● Dataset excerpt:

______

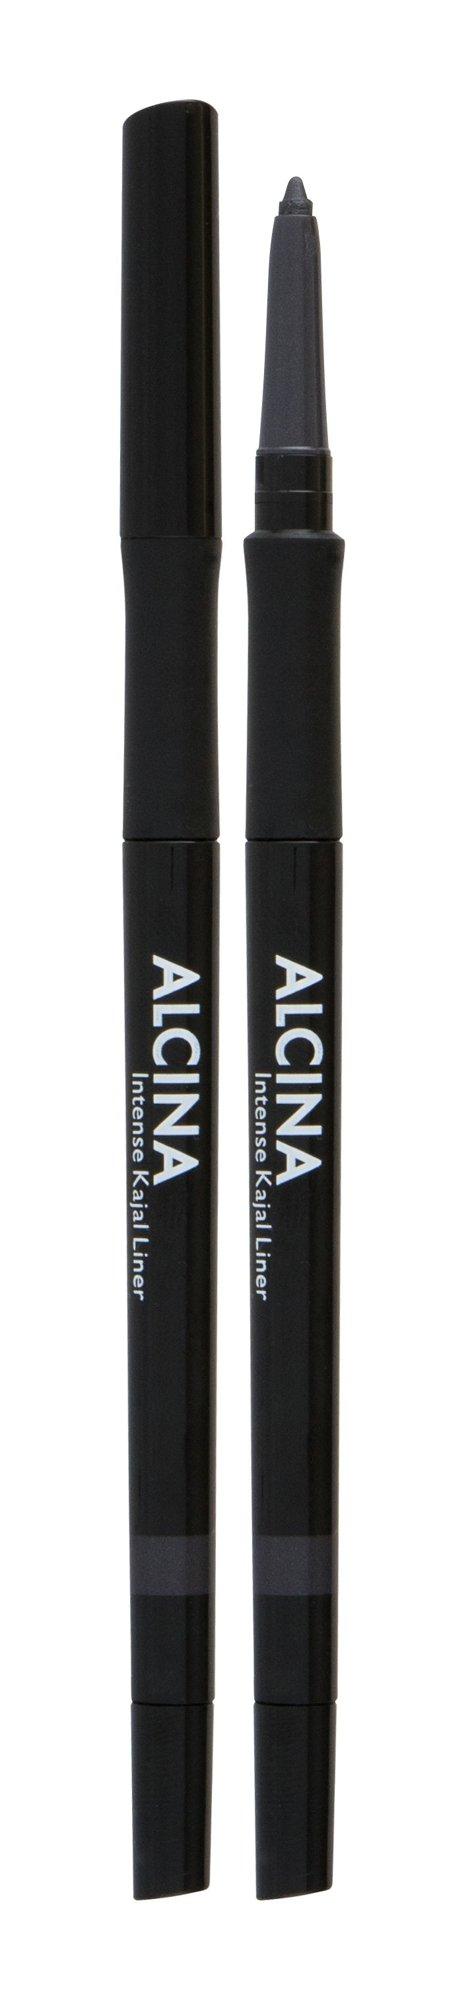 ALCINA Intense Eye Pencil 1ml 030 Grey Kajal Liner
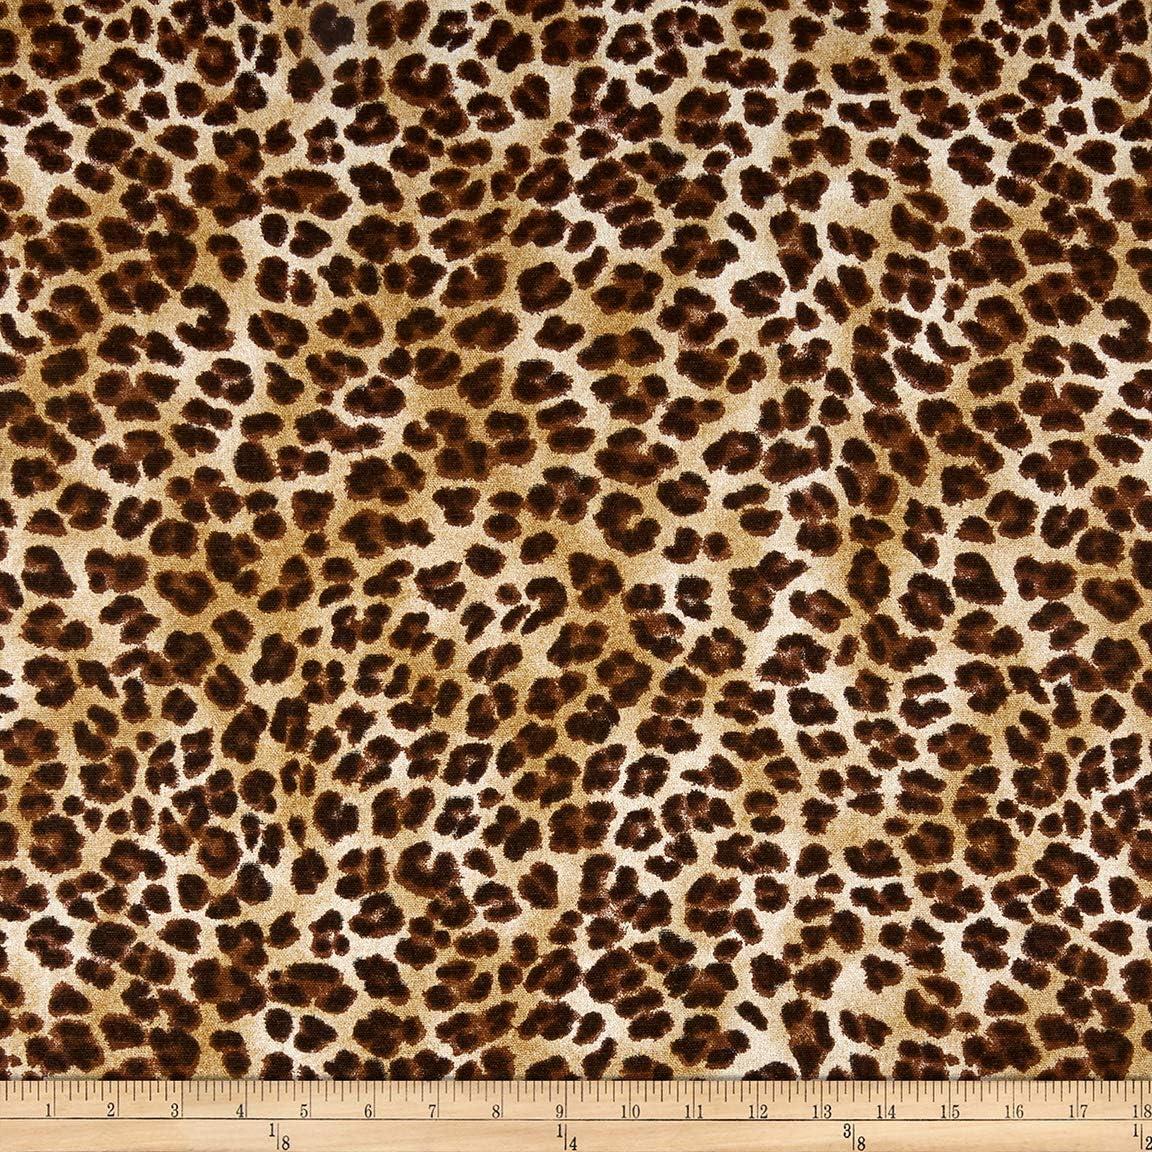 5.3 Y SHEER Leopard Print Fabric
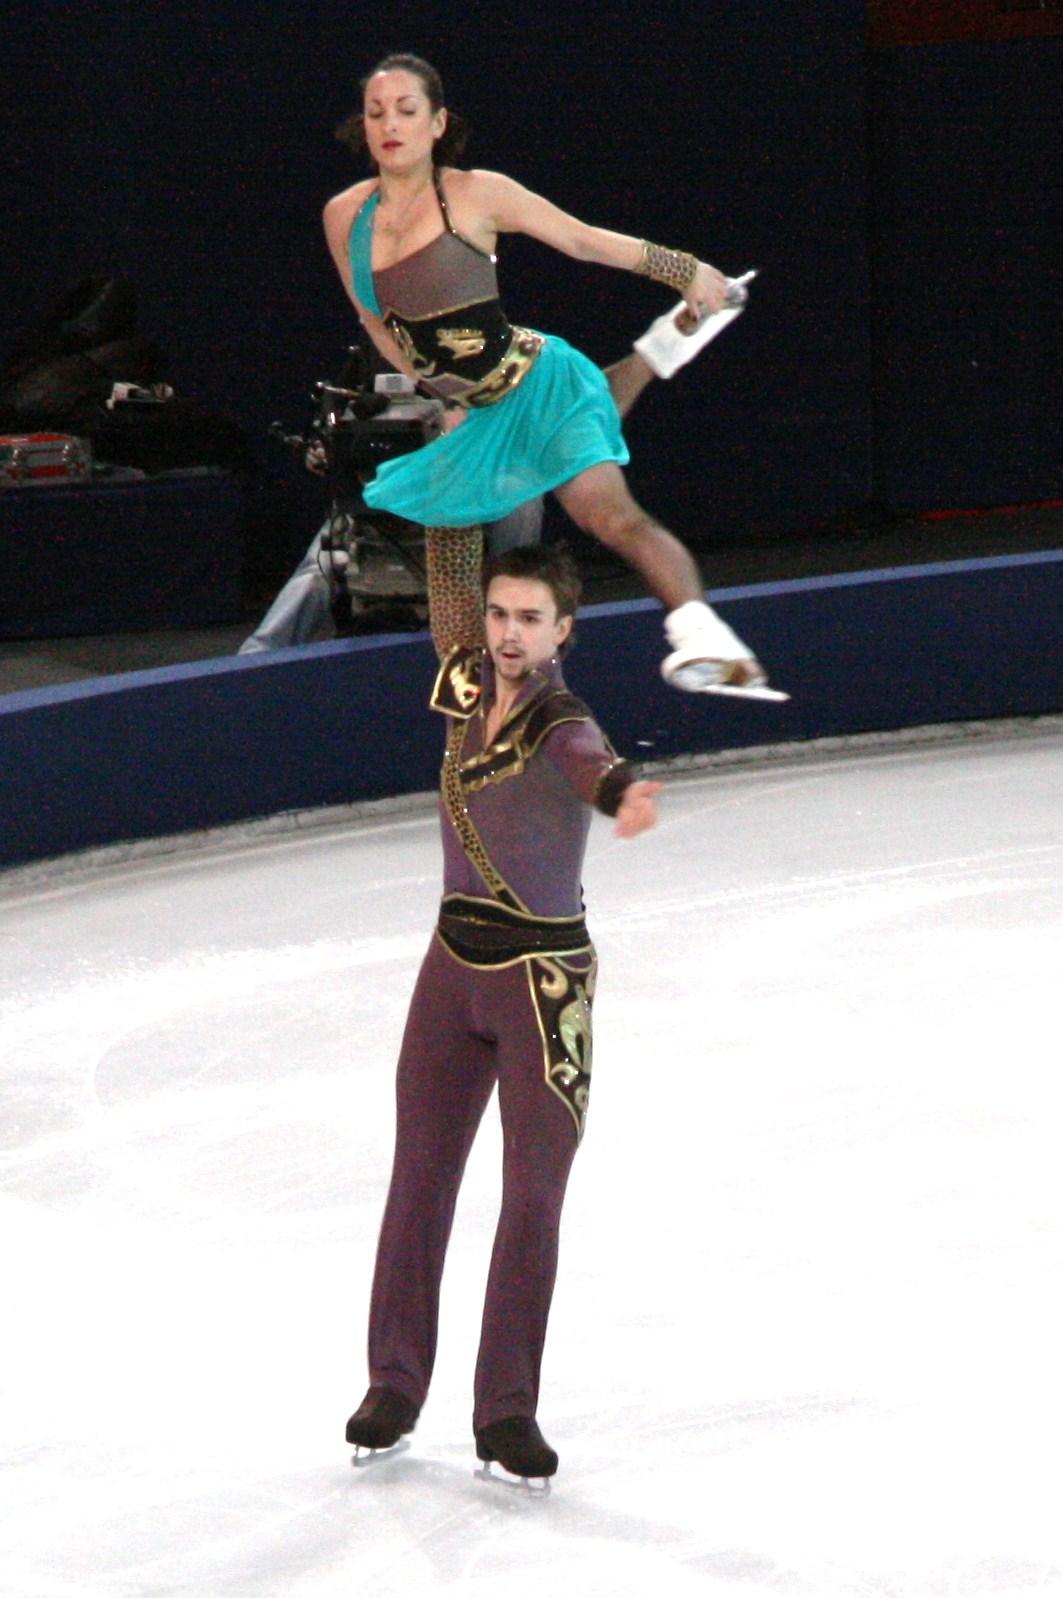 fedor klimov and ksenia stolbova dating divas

______

● Problem to work on: Omit every picture, then reproduce the rest of the listing exactly.

● Reply to the exercise:
 ALCINA Intense Eye Pencil 1ml 030 Grey Kajal Liner
 5.3 Y SHEER Leopard Print Fabric
 fedor klimov and ksenia stolbova dating divas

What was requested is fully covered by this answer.